Re: How does Python Unicode treat surrogates?

From: Rick McGowan (rick@unicode.org)
Date: Mon Jun 25 2001 - 12:41:54 EDT


Gaute B Strokkenes wrote...

> [I'm cc:-ing the unicode list to make sure that I've gotten my
> terminology right, and to solicit comments

Interesting... I just started looking at Python the other day, once I
discovered it has such nice built-in Unicode support.

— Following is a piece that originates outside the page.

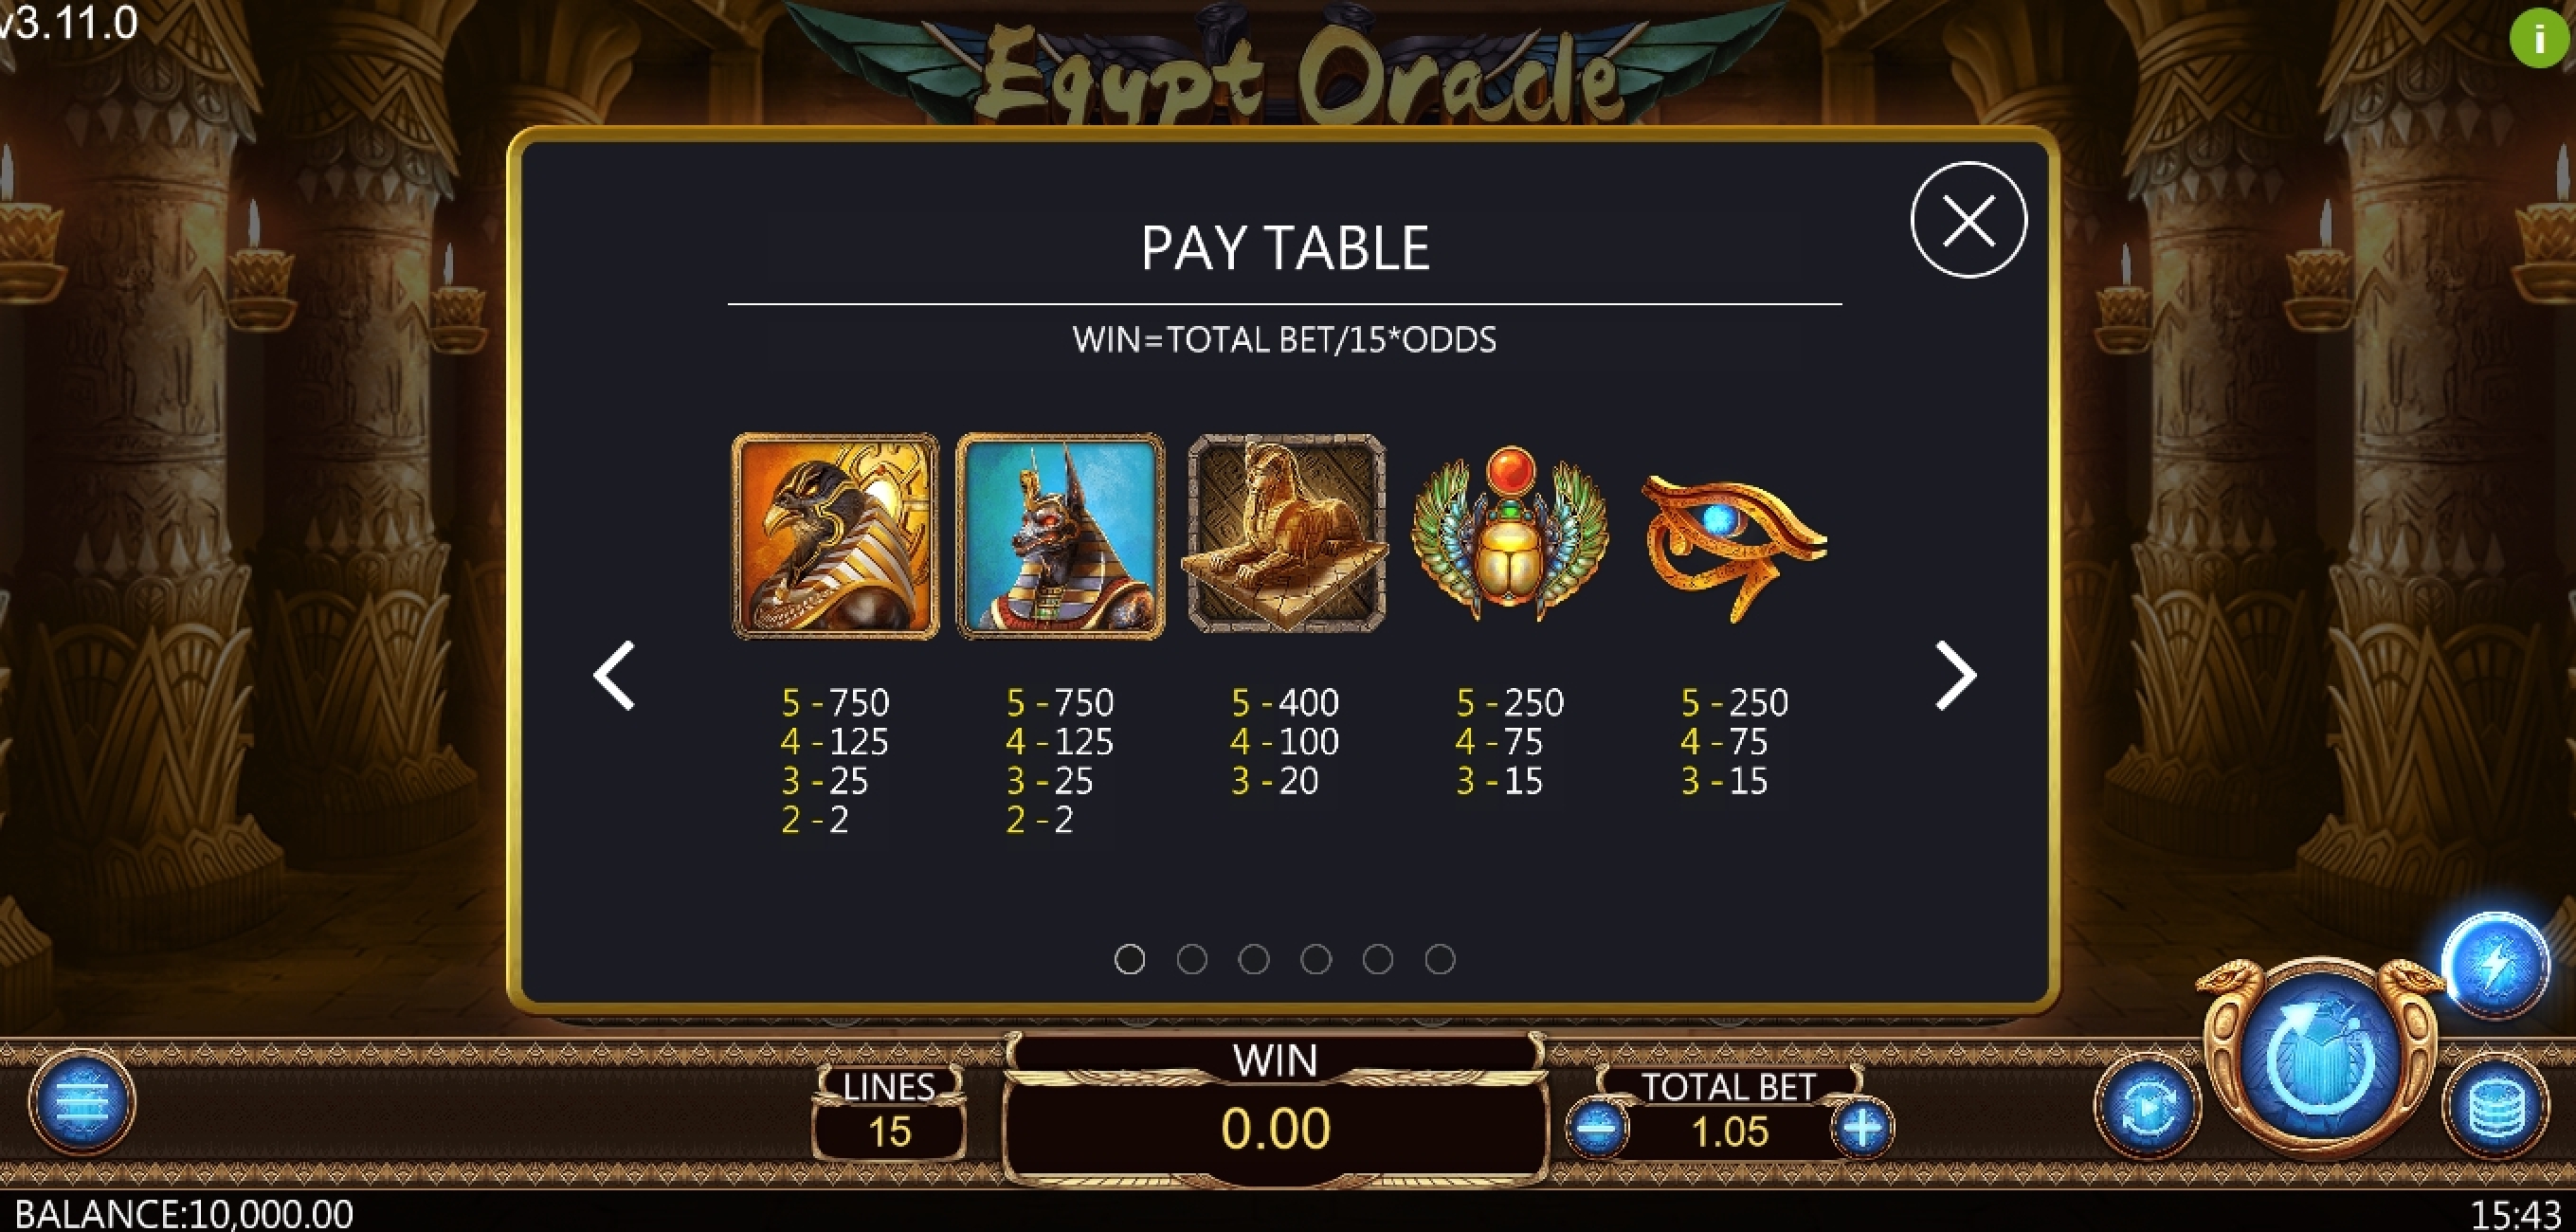 Info of Egypt Oracle Slot Game by Dragoon Soft

If Python is explicitly storing the stuff as UTF-16 in u"" strings, then
slicing operations certainly should be acting on units of the backing
store, just as for ASCII "character" strings. In that case, in order for
every unit to be addressible, it should allow breaking up of surrogate
pairs. (Apple's Cocoa environment strings work the same way with
"ranges".) There should be another operation, or several, that slice up
strings based on other kinds of text element boundaries. For example, a
"slice on character boundaries" that would always shift the range to
accommodate surrogate pairs -- as a separate operation.

The low-level routines in Python, like slicing with absolute locations,
shouldn't presume to know about the encoding, only about the UNITS that are
in the "array".

In my opinion,
        Rick

Begin forwarded message:

> This is completely and totally wrong. The Unicode standard version
> 3.1 states (conformance requirement C12(c): A conformant process shall
> not interpret illegal UTF code unit sequences as characters.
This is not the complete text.